И хотя Эйнштейн стал хромать, он избавился от татуировки в ухе – спасибо Джиму Кину. Теперь никто никогда в жизни не сможет доказать, что Эйнштейн некогда был подопытной собакой из «Банодайна», – и он по-прежнему при желании мог отлично изображать из себя «глупого пса».
Время от времени в ходе бурного празднования трехлетия маленького Джимми Минни смотрела на супруга и своих отпрысков с очаровательным недоумением, удивляясь их поведению и проделкам. И хотя ей никогда не удавалось до конца понять своих щенков, еще ни одна мать не получала и половины той любви, которую дарили Минни те, кому она дала жизнь. Она охраняла их, а они охраняли ее – ангелы-хранители друг друга.
И уже на закате этого хорошего дня, когда гости разъехались, маленький Джимми заснул в своей комнате, когда Минни со своими отпрысками уже устроились на ночь, Эйнштейн, Трэвис и Нора собрались в кладовке возле кухни.

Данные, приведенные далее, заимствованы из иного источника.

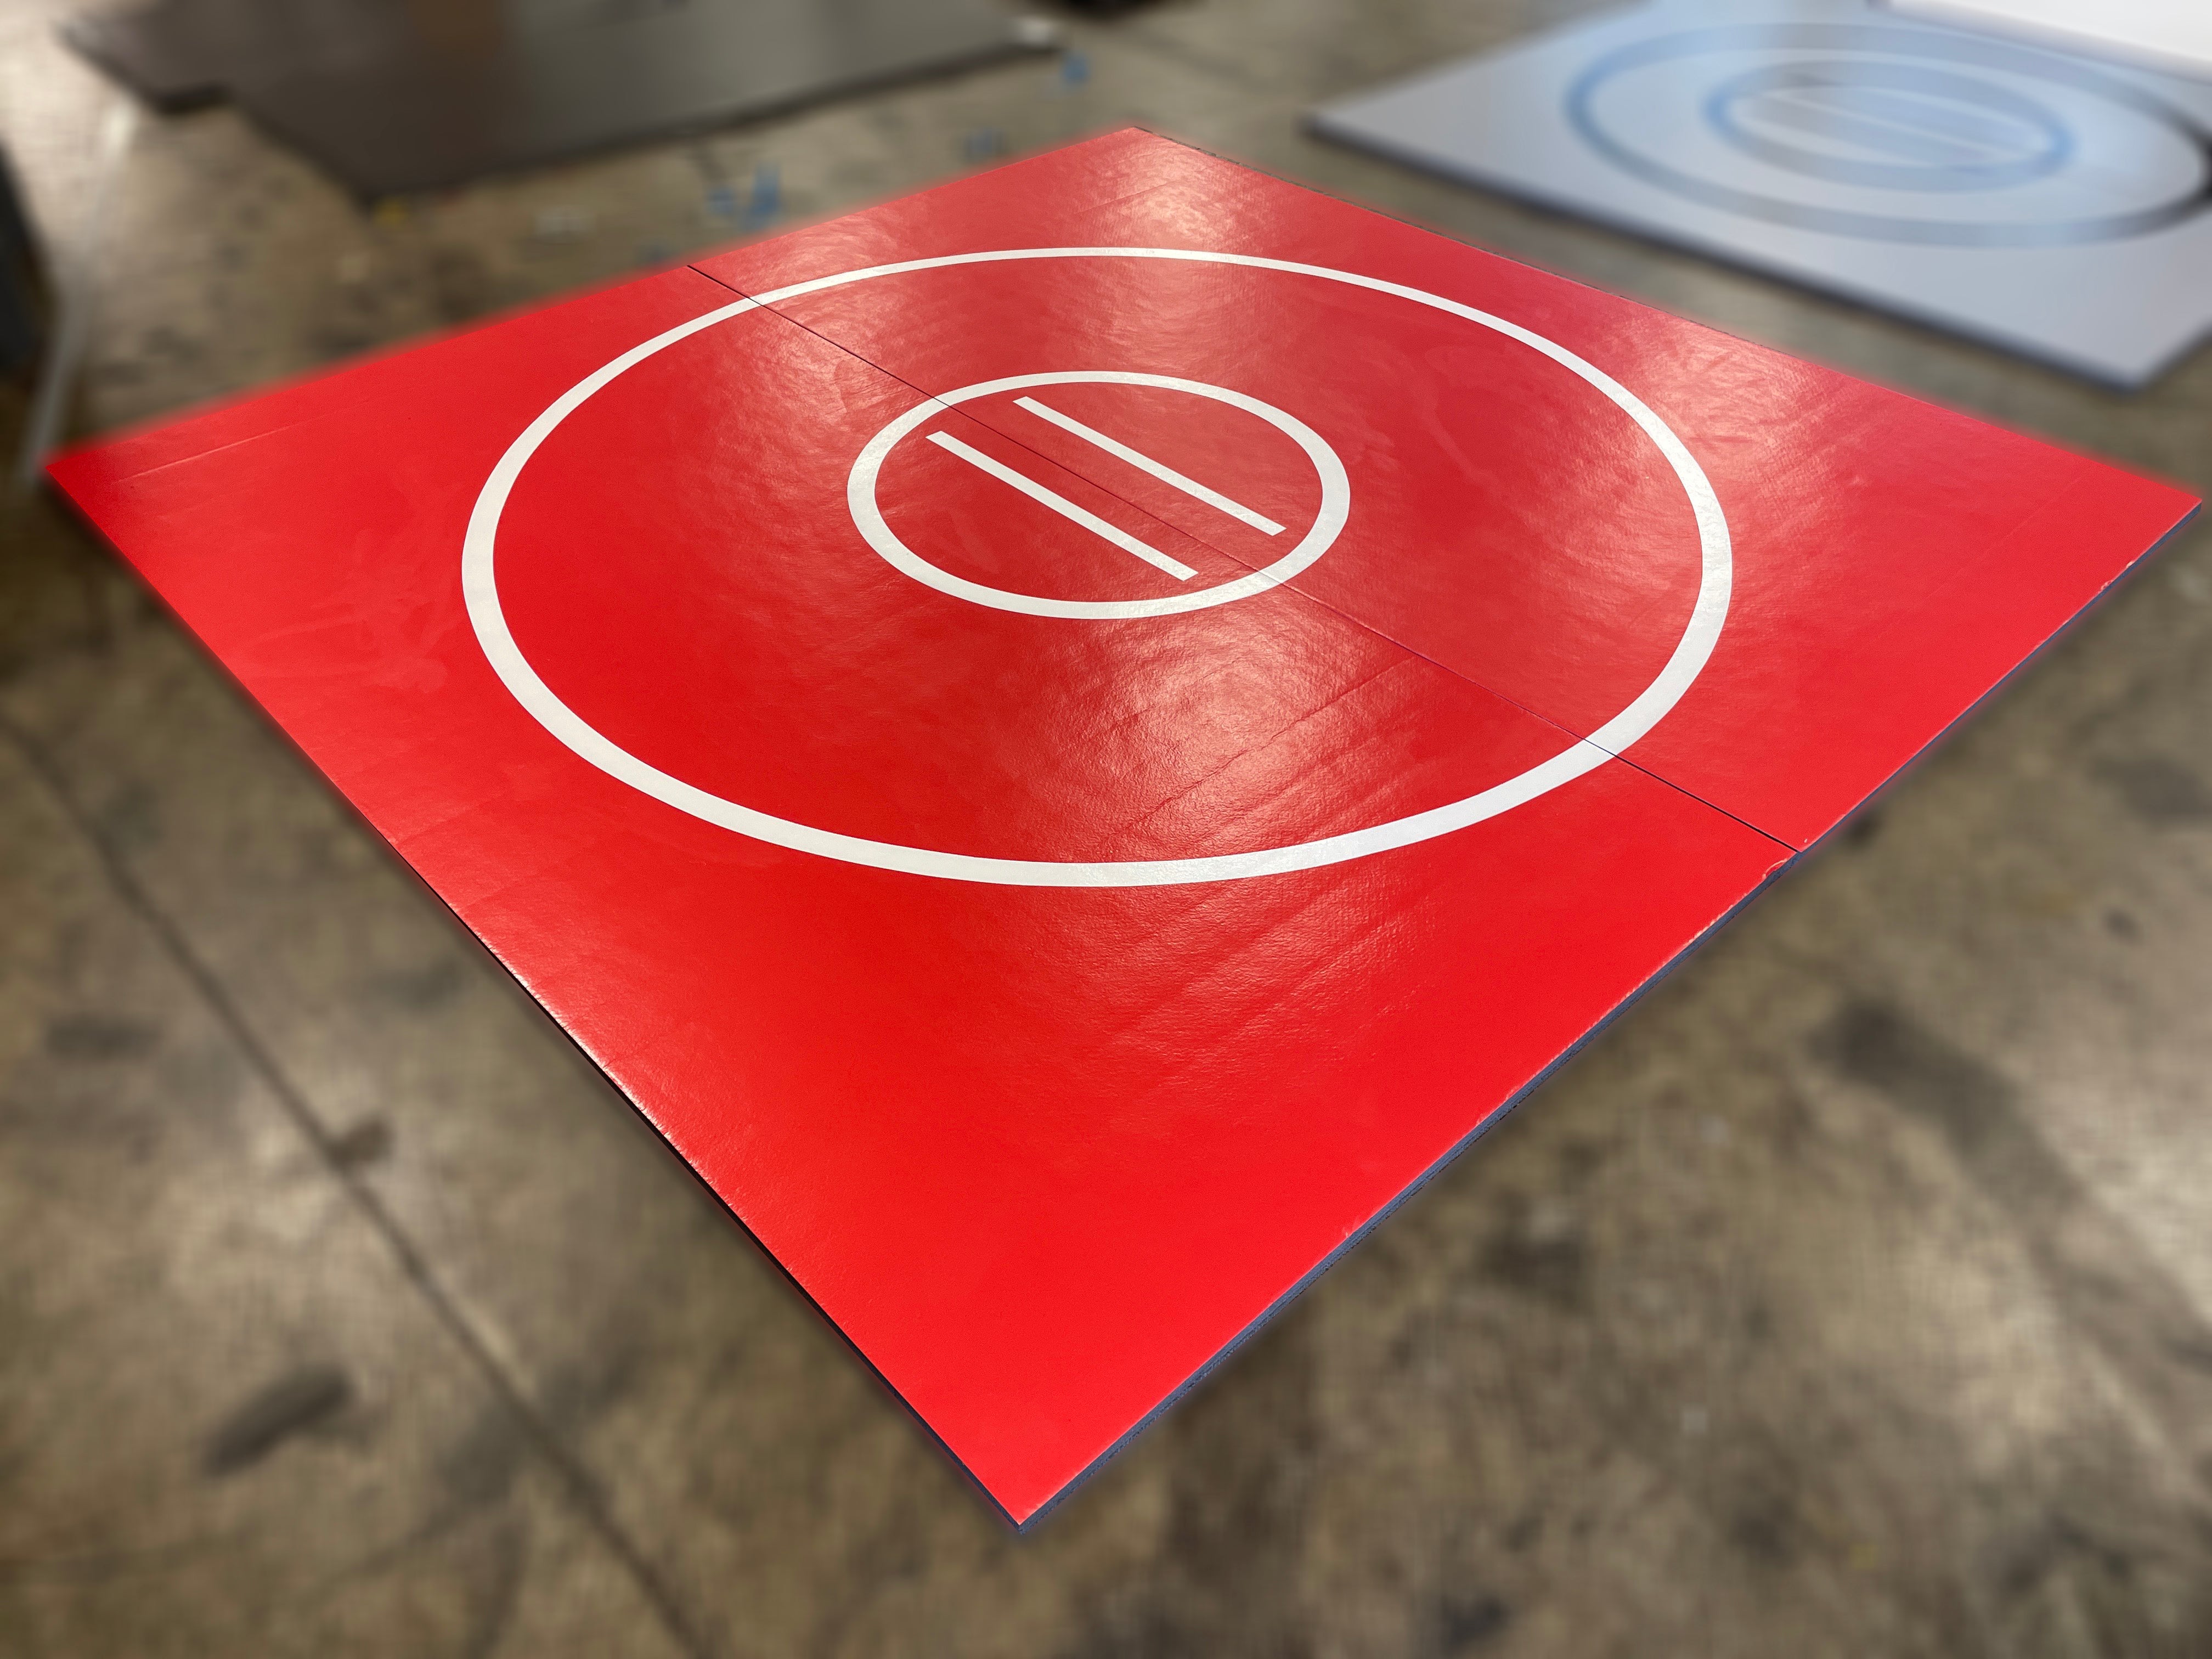 Clearance 10' x 10' x 1 3/8" Roll-Up Wrestling mat Red with White
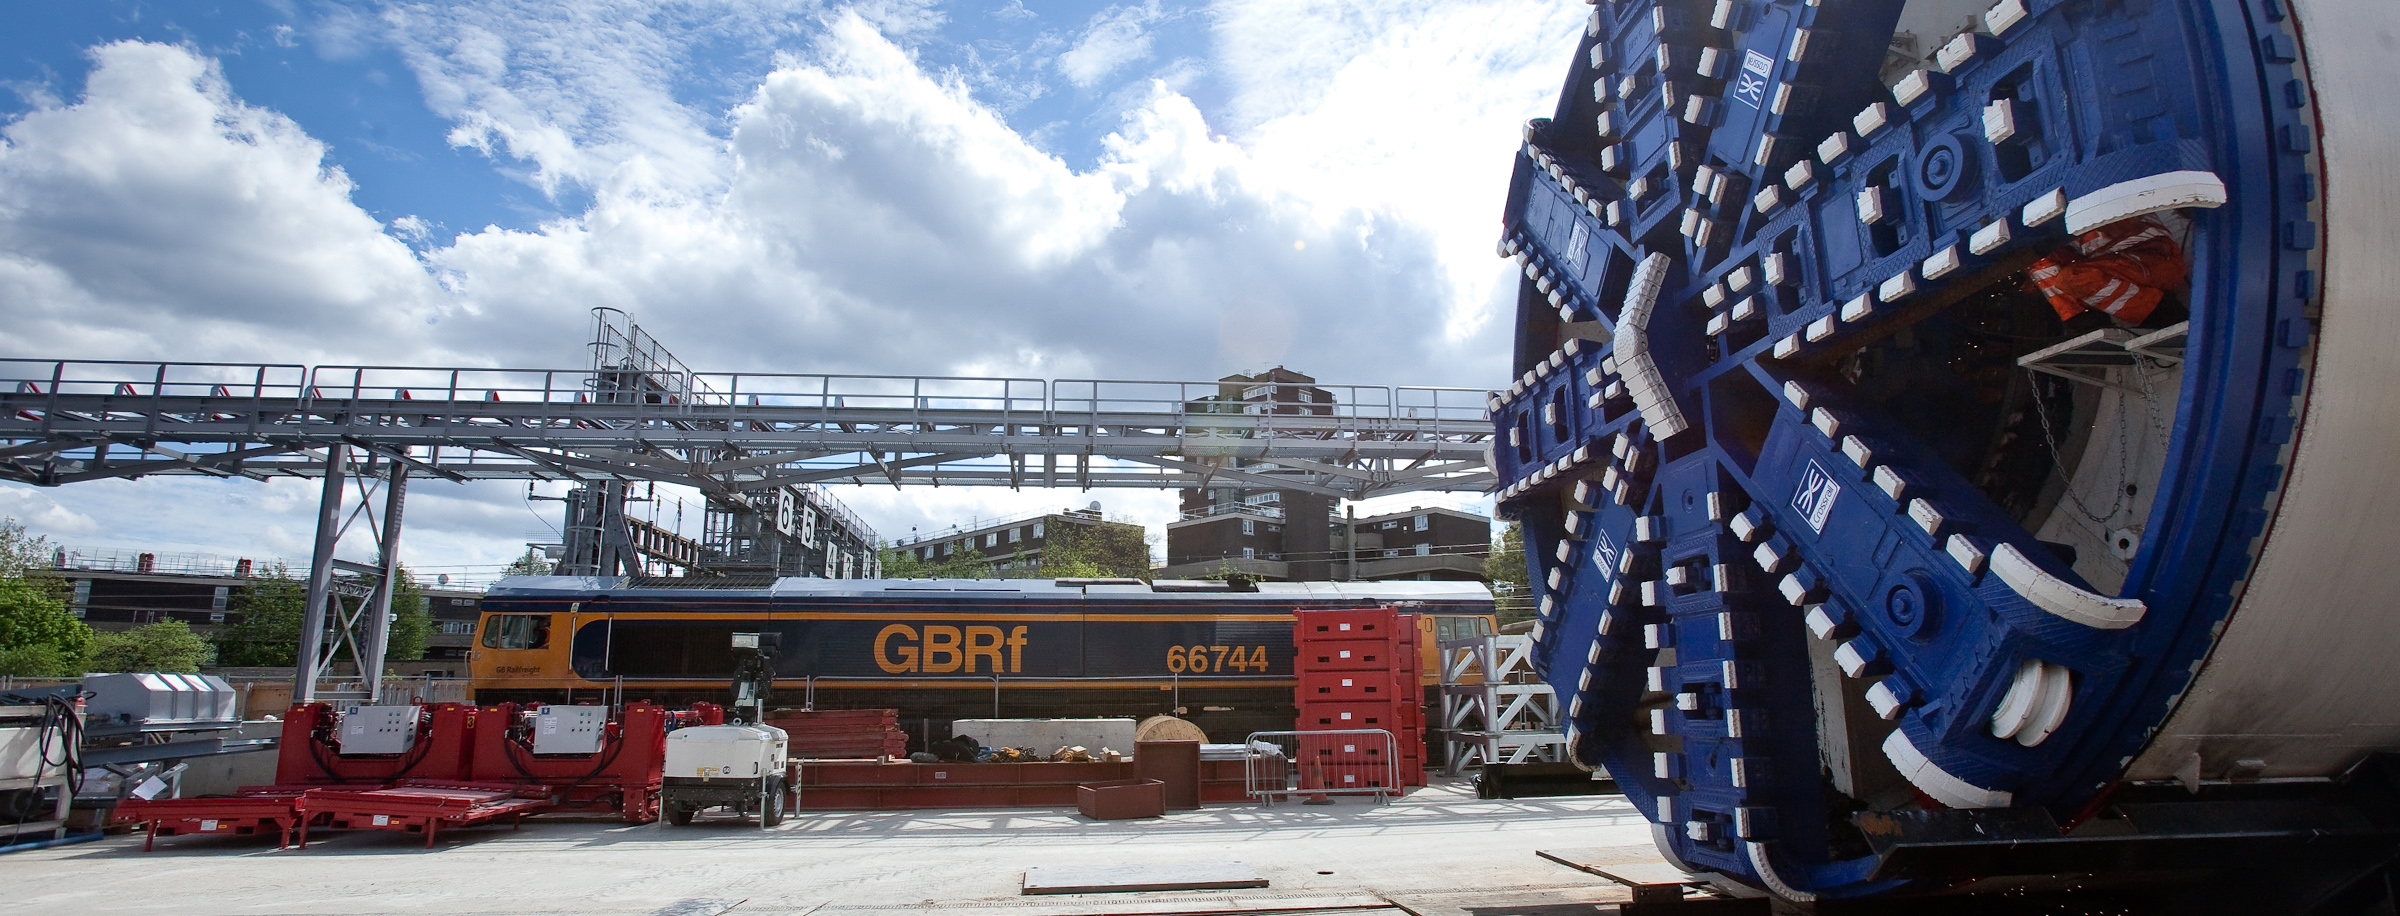 GB Railfreight celebrate signing CP6 contract with Network Rail, marking increased role across the UK’s rail network

Машины с педалями для извлечения фишек скребла больше не было. Ее заменил стоявший на полу компьютер IBM. Взяв в зубы стило, Эйнштейн принялся стучать по клавиатуре. На экране появилось сообщение:
ОНИ БЫСТРО РАСТУТ.
– Да, очень быстро, – сказала Нора. – Твои быстрее, чем наши.
ОДНАЖДЫ ОНИ БУДУТ ВЕЗДЕ.
– Однажды, в свое время, будет столько пометов, – произнес Трэвис, – что они распространятся по всему миру.
ТАК ДАЛЕКО ОТ МЕНЯ. ТАК ГРУСТНО.
– Да, очень грустно, – согласилась Нора. – Но рано или поздно все птенцы покидают родное гнездо.
А КОГДА МЕНЯ НЕ БУДЕТ?
– Что ты этим хочешь сказать? – спросил Трэвис, взъерошив псу шерсть.
ОНИ БУДУТ МЕНЯ ПОМНИТЬ?
– Ну конечно, мохнатая морда. – Опустившись на колени, Нора обняла Эйнштейна. – Пока существуют собаки и пока существуют люди, способные с ними гулять, они будут тебя помнить.